Assigned task
Keeping every word the same, give again only the lines from the one with "รูปภาพรายละเอียดของ ปลาเต้าซี่ตรานกอินทรีย์ ของแท้" through the end of the data, both included, and leave every picture out.

Provided material
_ _ _ _ _ _ _

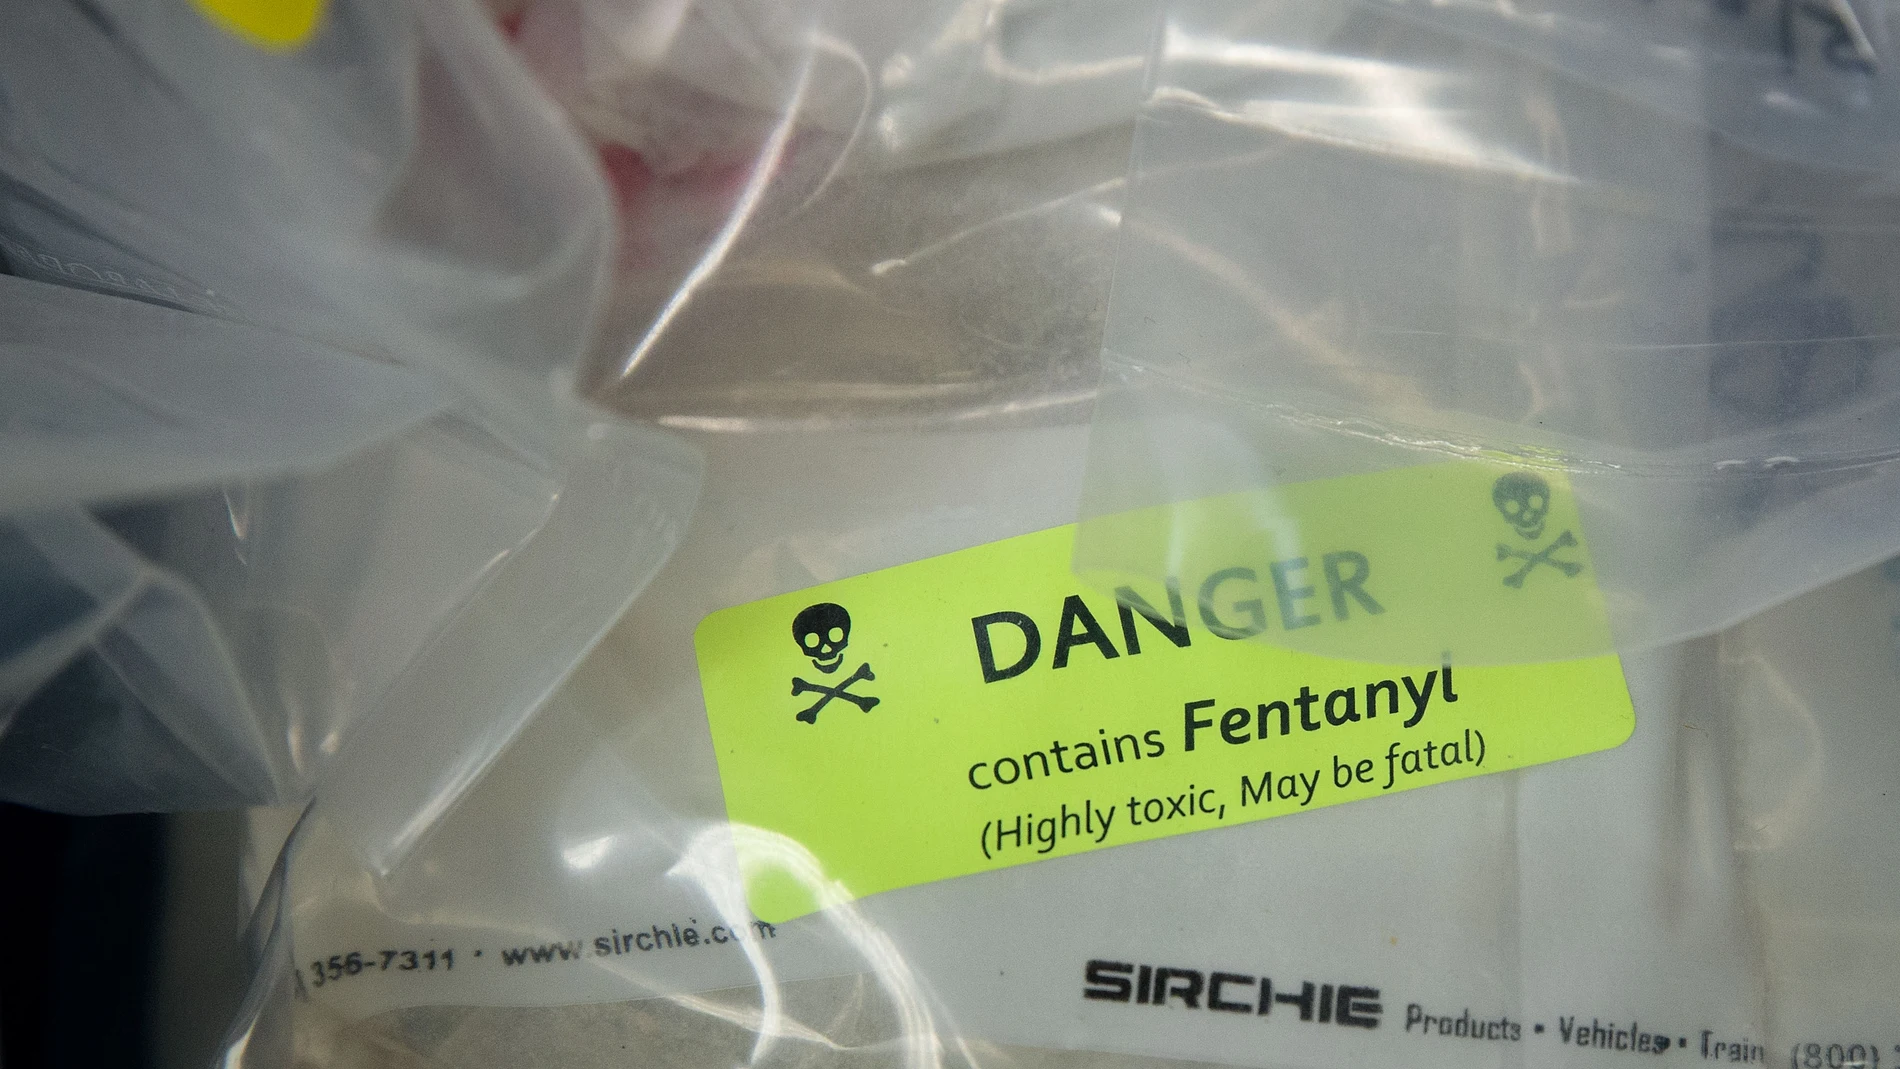 Incautan más de 23 kilos de fentanilo, cantidad suficiente para matar a la mitad de Florida (EEUU)
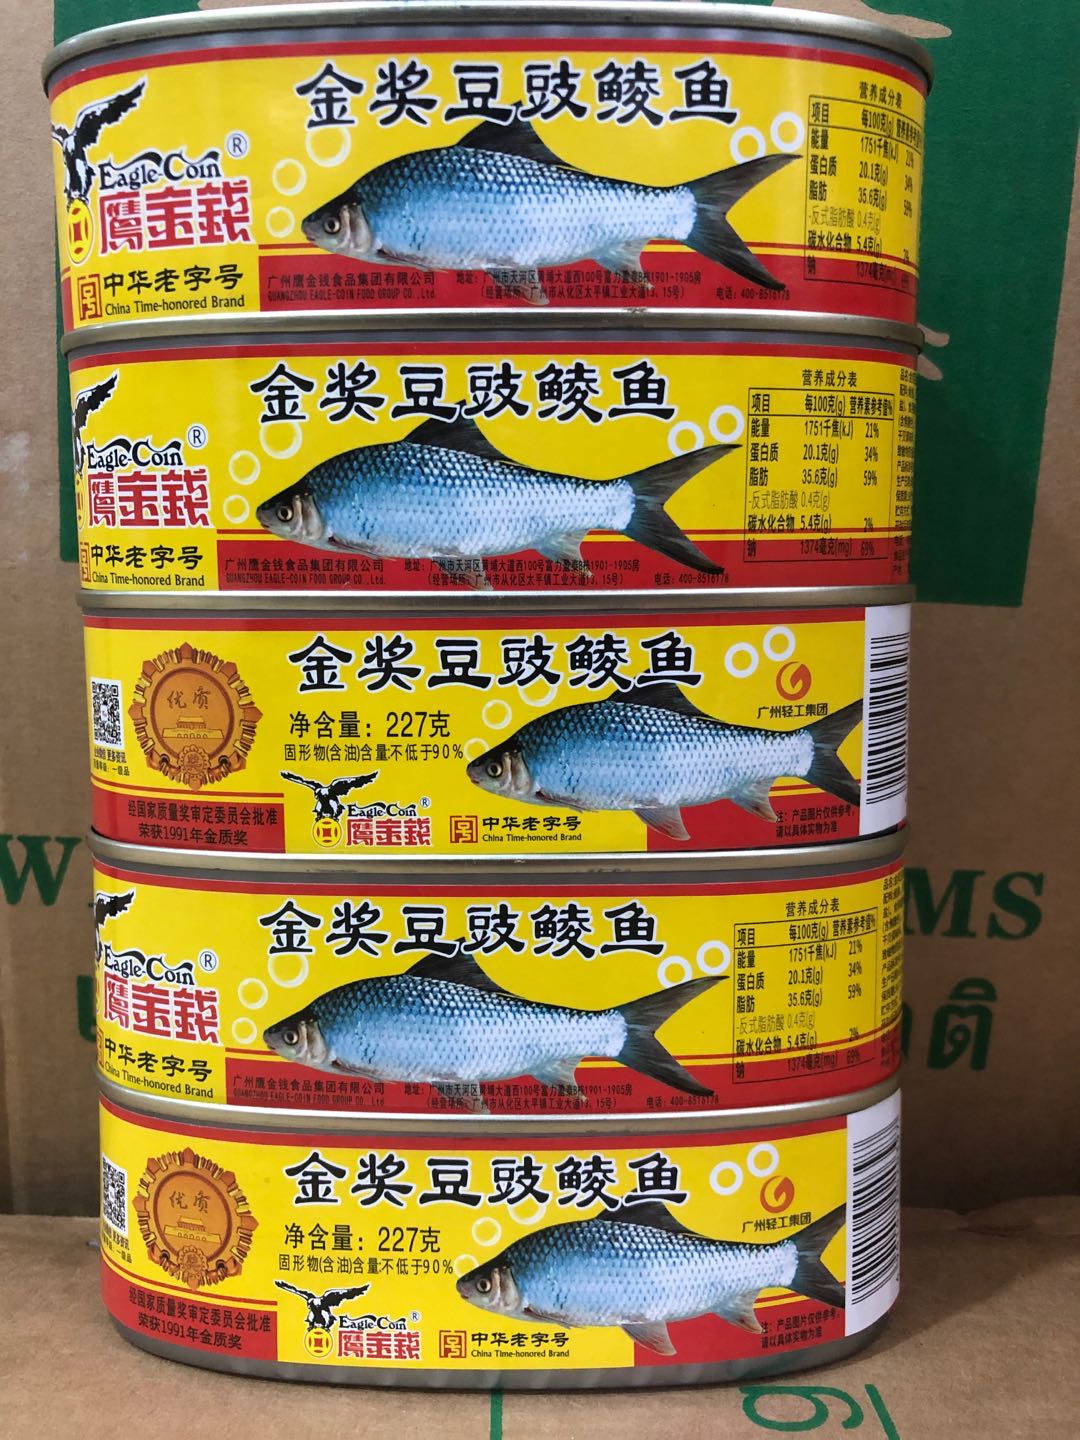 รูปภาพรายละเอียดของ ปลาเต้าซี่ตรานกอินทรีย์ ของแท้ Engle Coin (กระป๋องละ)金奖豆豉鱼
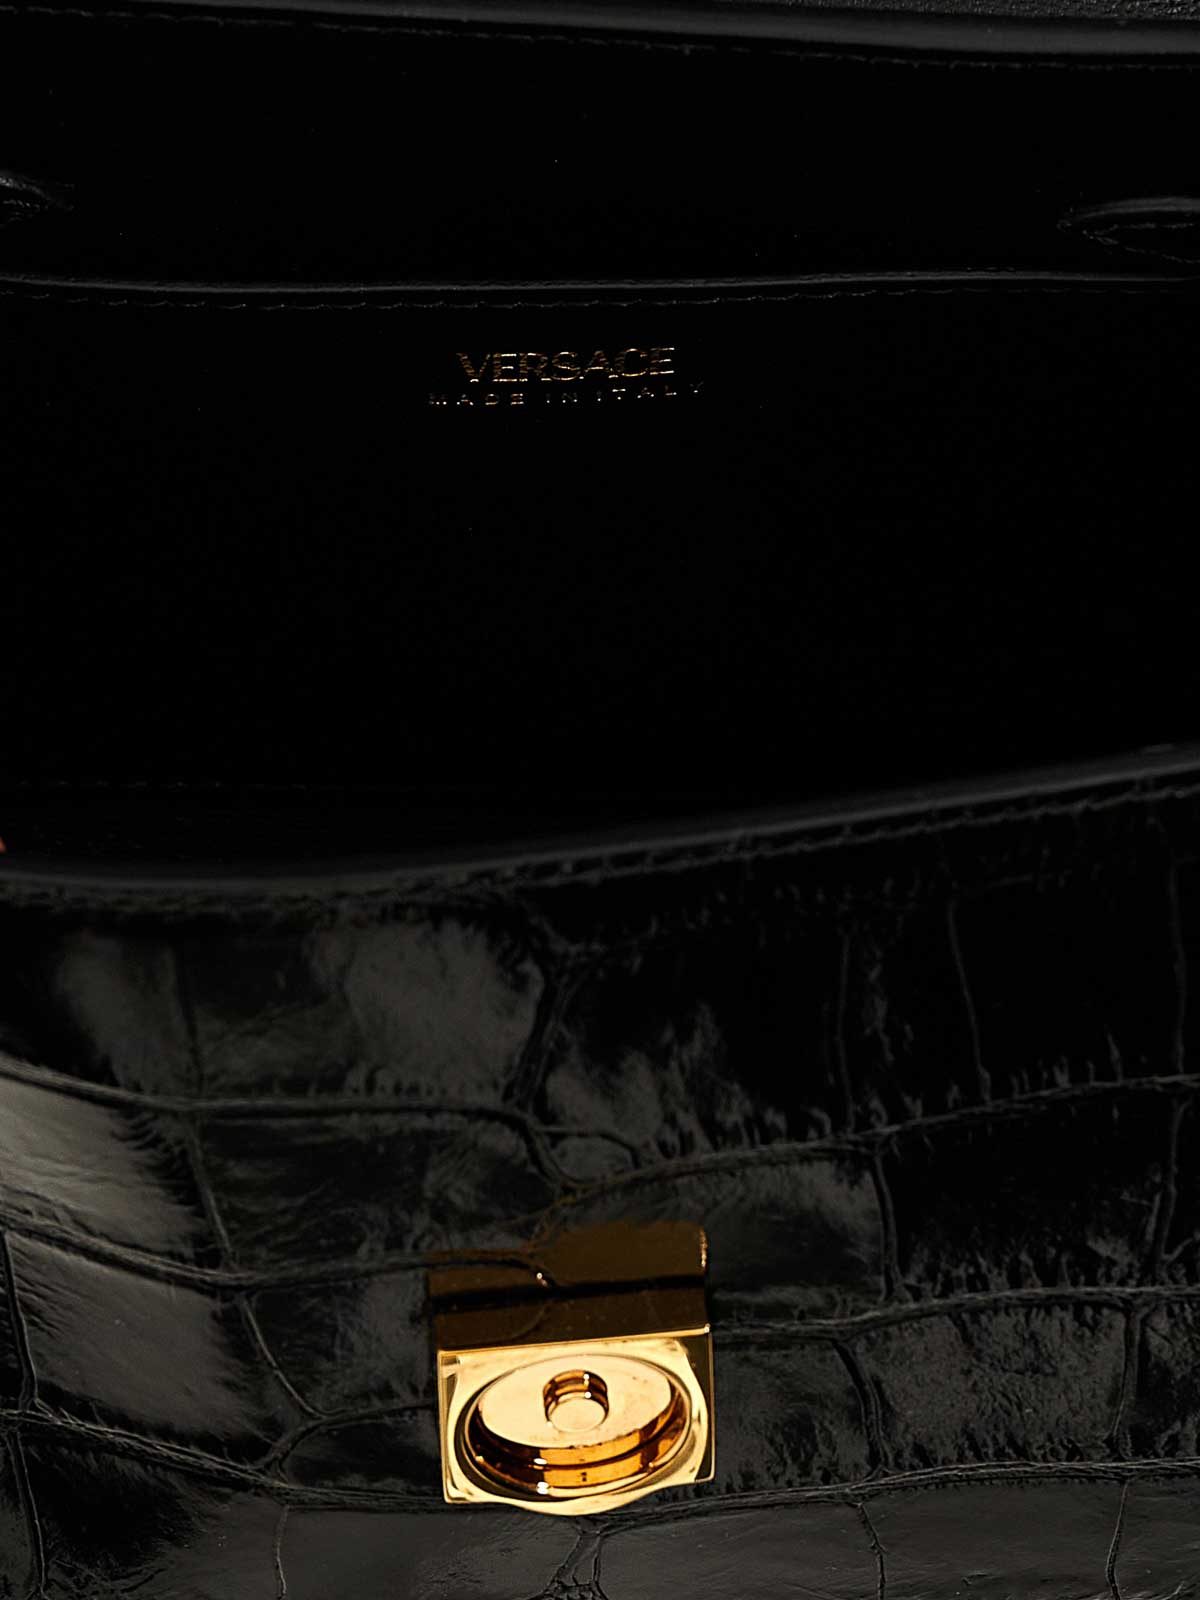 Shop Versace Small Handbag In Black
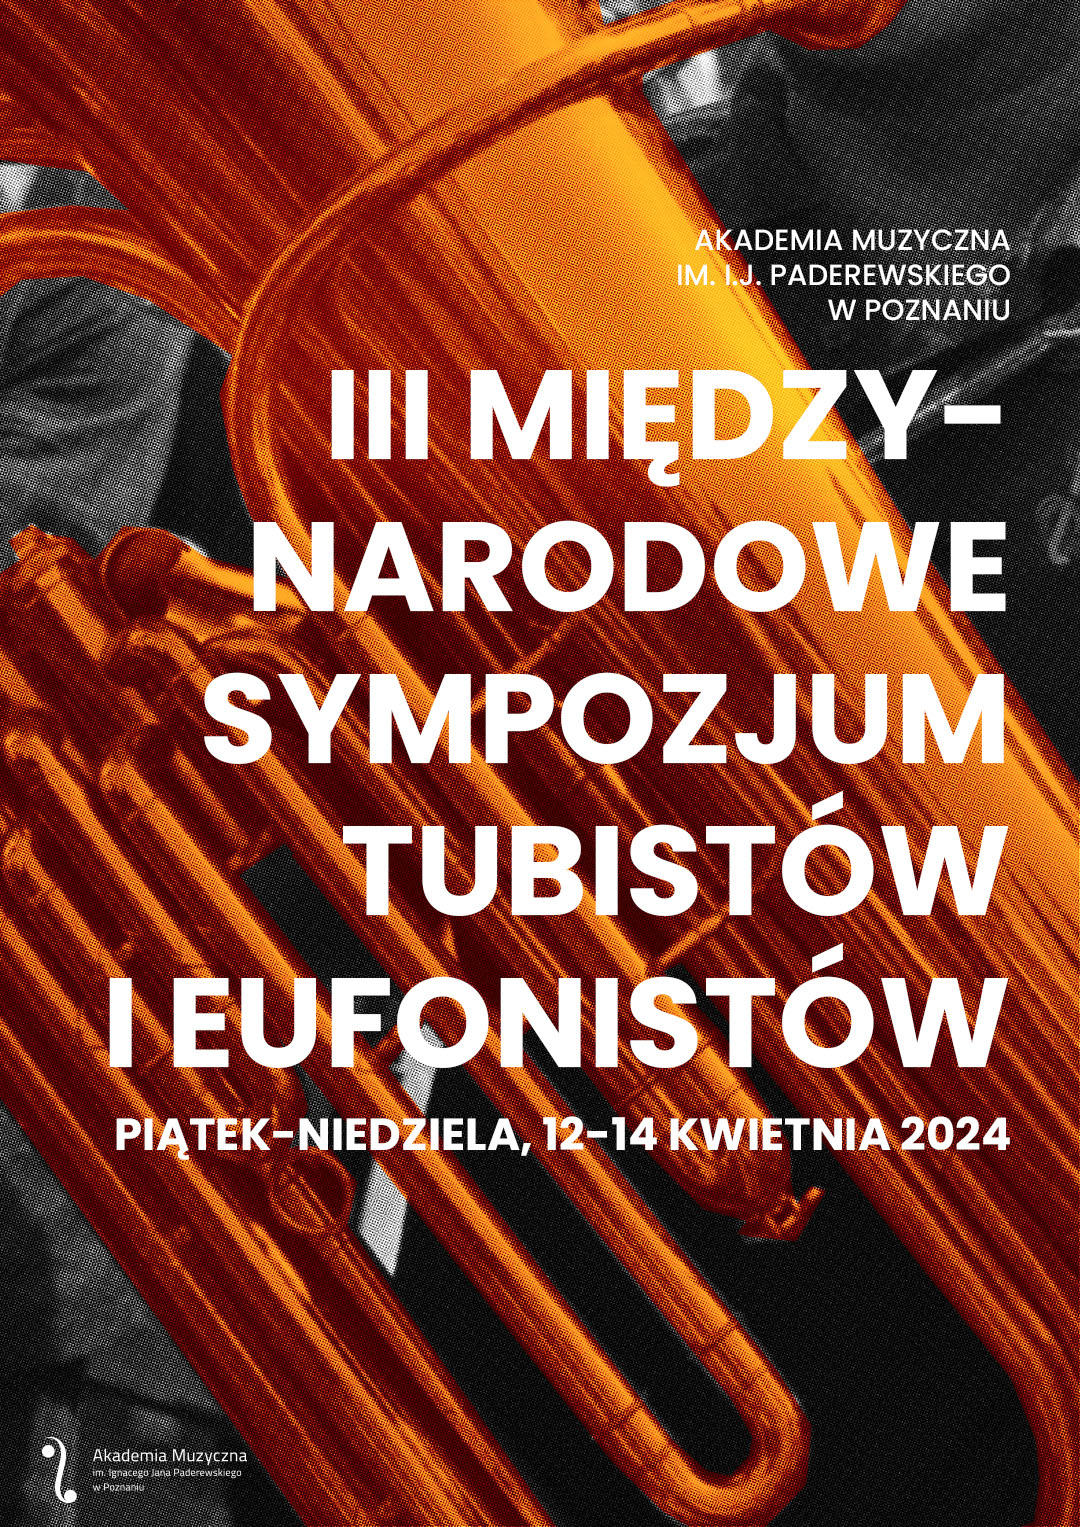 Afisz zawiera informacje na temat Międzynarodowego Sympozjum Tubistów i Eufonistów w kwietniu 2024

_ _ _ _ _ _ _

Answer space
 รูปภาพรายละเอียดของ ปลาเต้าซี่ตรานกอินทรีย์ ของแท้ Engle Coin (กระป๋องละ)金奖豆豉鱼
 Shop Versace Small Handbag In Black
 Afisz zawiera informacje na temat Międzynarodowego Sympozjum Tubistów i Eufonistów w kwietniu 2024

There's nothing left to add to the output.